Once you master the difficult task of doing nothing you can graduate to more advanced behaviors.  I discuss several of these in an article titled 5 Simple Ways to Make Money Being Fearful When Others are Greedy and Greedy When Others are Fearful.  These methods include:

  • Rebalancing
  • Overbalancing
  • Tilting to value, and
  • Betting big during a crisis

In another article, The Progress Principle and Investing, I describe how even a moderate amount of courage during market corrections can pay off big in the long run.

But the big idea, and the behavior you most need to concentrate on, is simply doing nothing.  If you start off with a sound plan this alone will get you where you need to be.

Stay the Course

Let’s close with some more sage advice from Bogle, the father of index funds:

No matter what happens, stick to your program.  I’ve said “stay the course” a thousand times, and I mean it every time.  It is the most important single piece of investment wisdom I can give you. 

Setting up a system of regularly investing in index funds and then disciplining yourself to do nothing is the key to building wealth.  Simply stay the course.  Forget about being brilliant and concentrate on your behavior.  Your only job is to be better at doing nothing than everyone else.  It’s a tough job, but someone has to do it.

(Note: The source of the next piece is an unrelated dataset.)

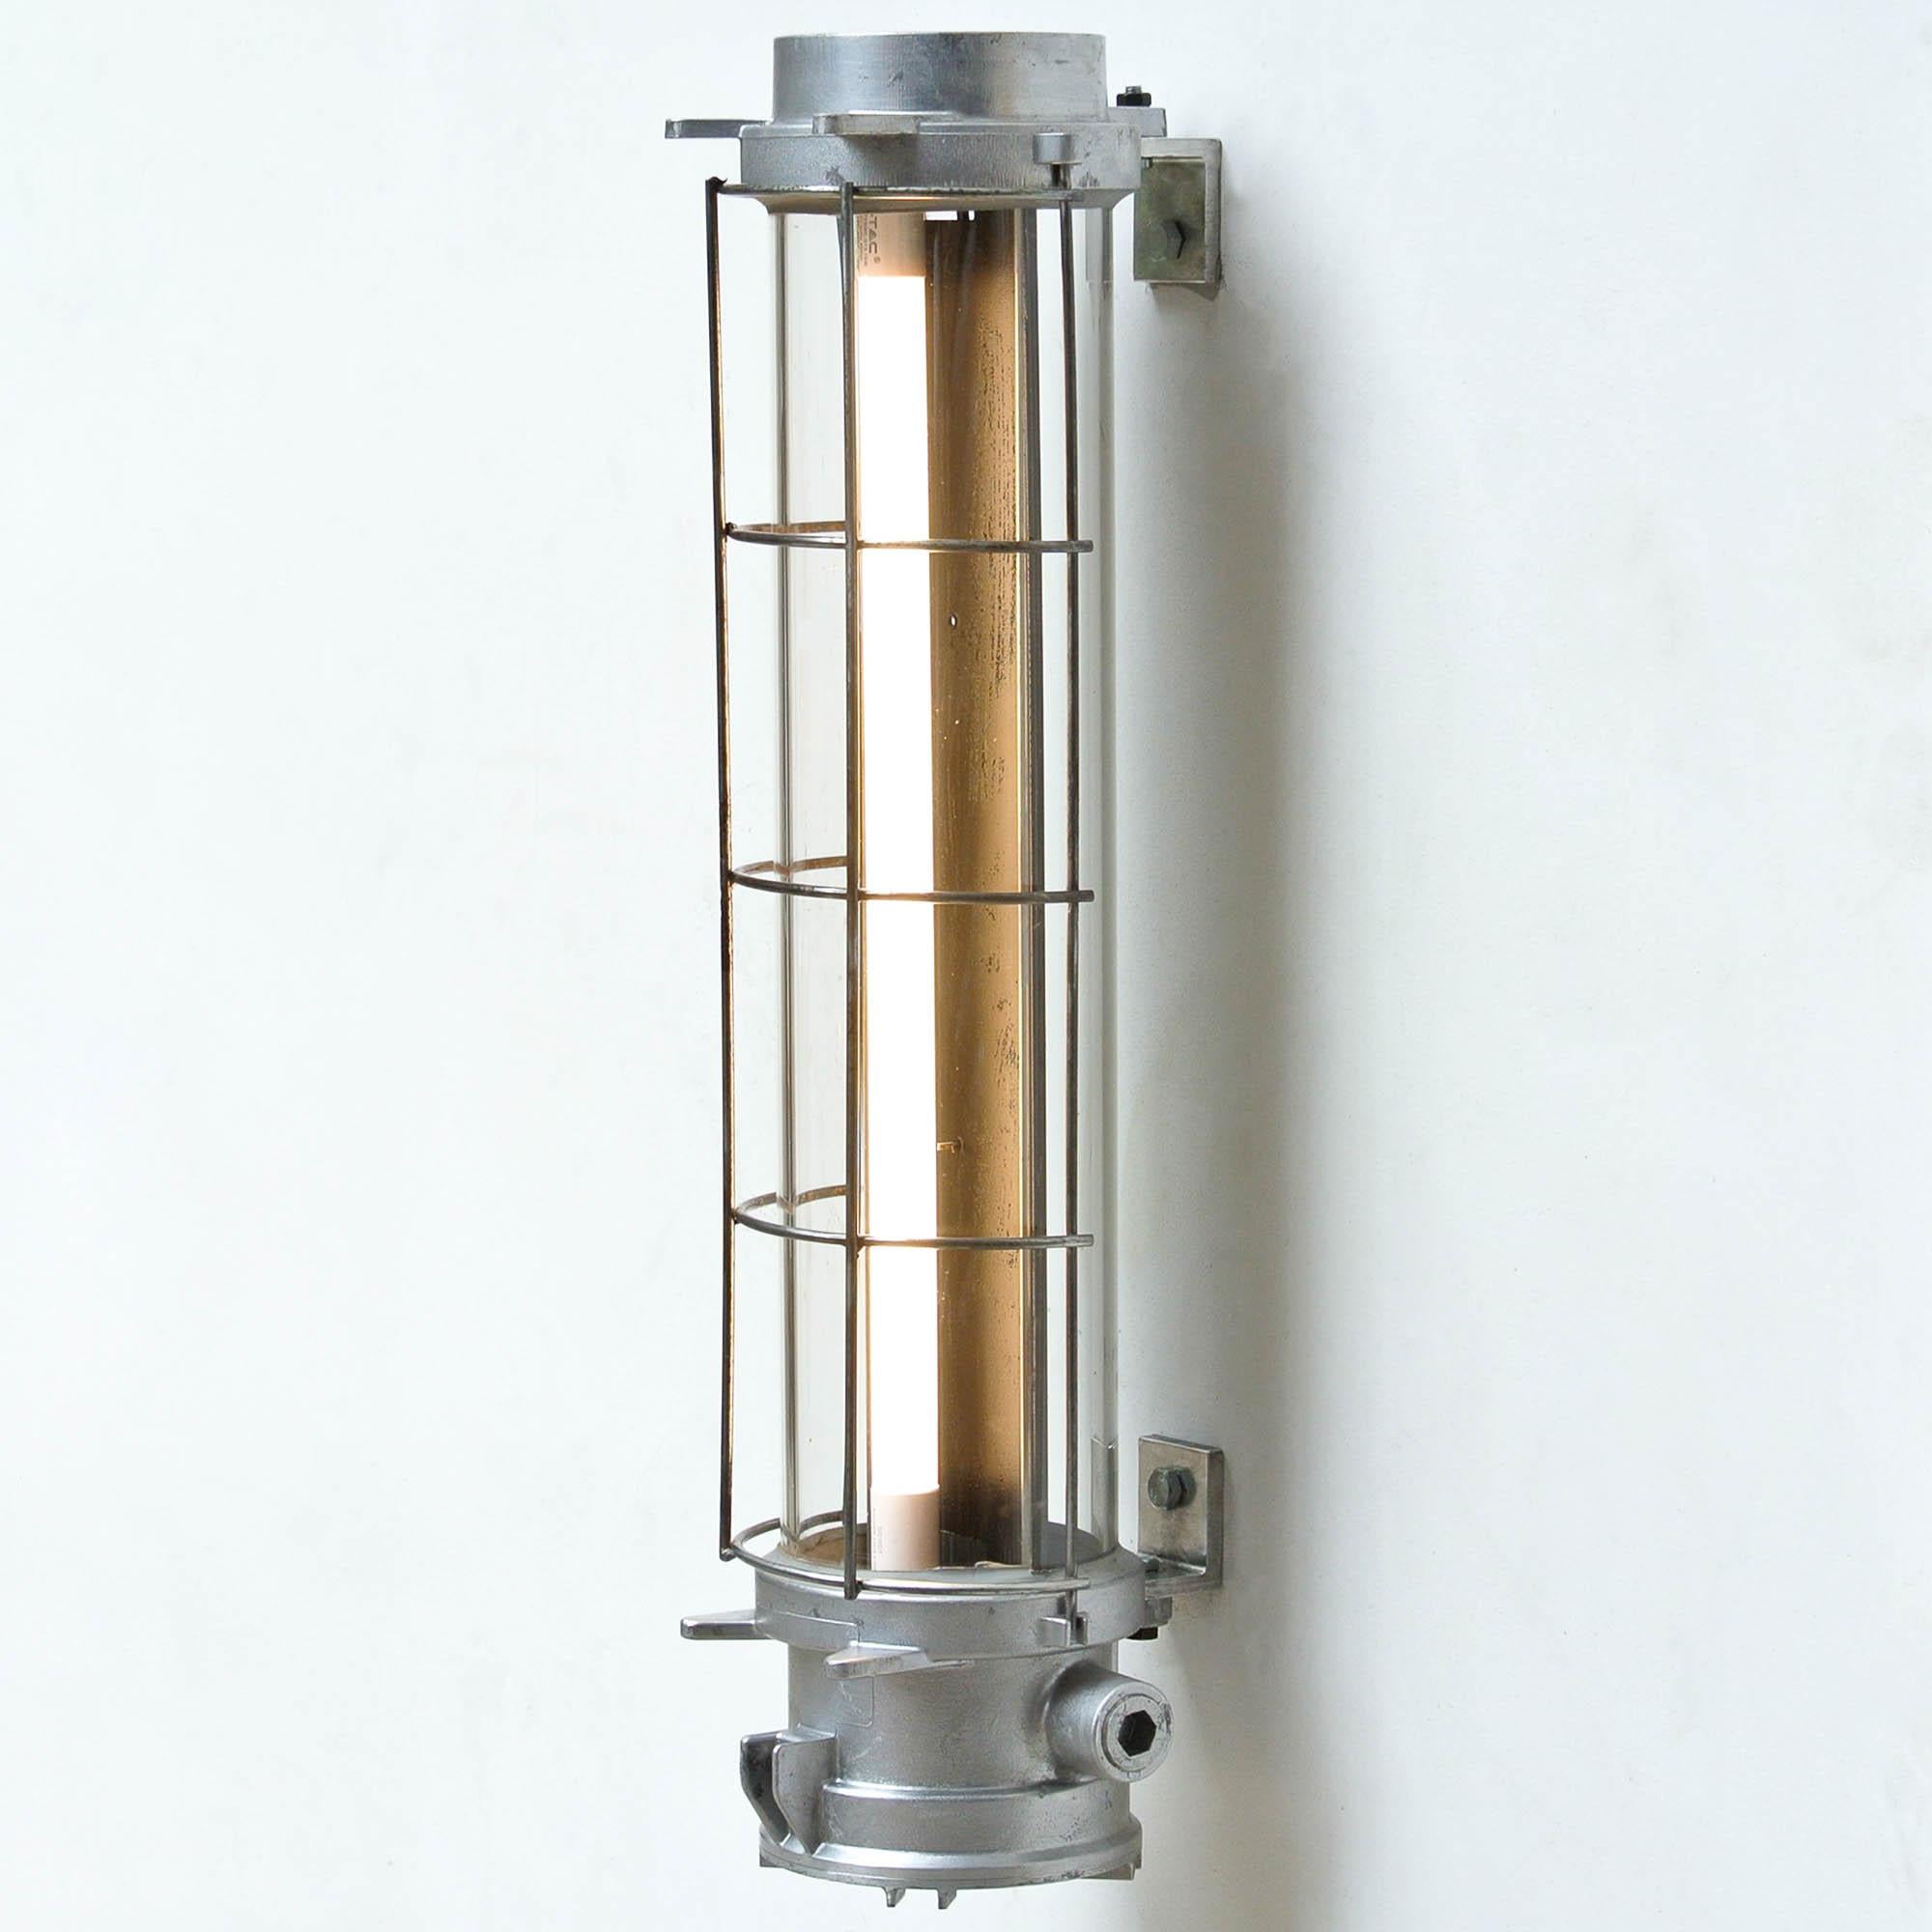 Late 20th Century Industrial Fluorescent Light in Cast Aluminium with a Fence, circa 1970-1979 For Sale

  8 comments for “Behavior is More Important than Brilliance

  1. Cyril
    February 19, 2019 at 4:27 am

    Investment in index funds is not great talk at the cocktail party but it is a simple way to go forward, as you have laid out. Good advice.

    • Brent Esplin
      February 19, 2019 at 7:10 am

      Very true. Index funds are not an exciting investment to talk about, but the results over time are very exciting. Thanks for contributing to the conversation and I am glad you enjoyed the article.

  2. Anonymous
    February 19, 2019 at 6:22 am

    Well said and I enjoyed reading this article very much!

    • Brent Esplin
      February 19, 2019 at 7:11 am

      Thanks for checking in and I am glad you found the article useful and interesting.

  3. Darren
    February 24, 2019 at 7:40 am

    I love this article. So very true

    • Brent Esplin
      February 24, 2019 at 11:04 am

      Thanks for the kind words. Glad you enjoyed it.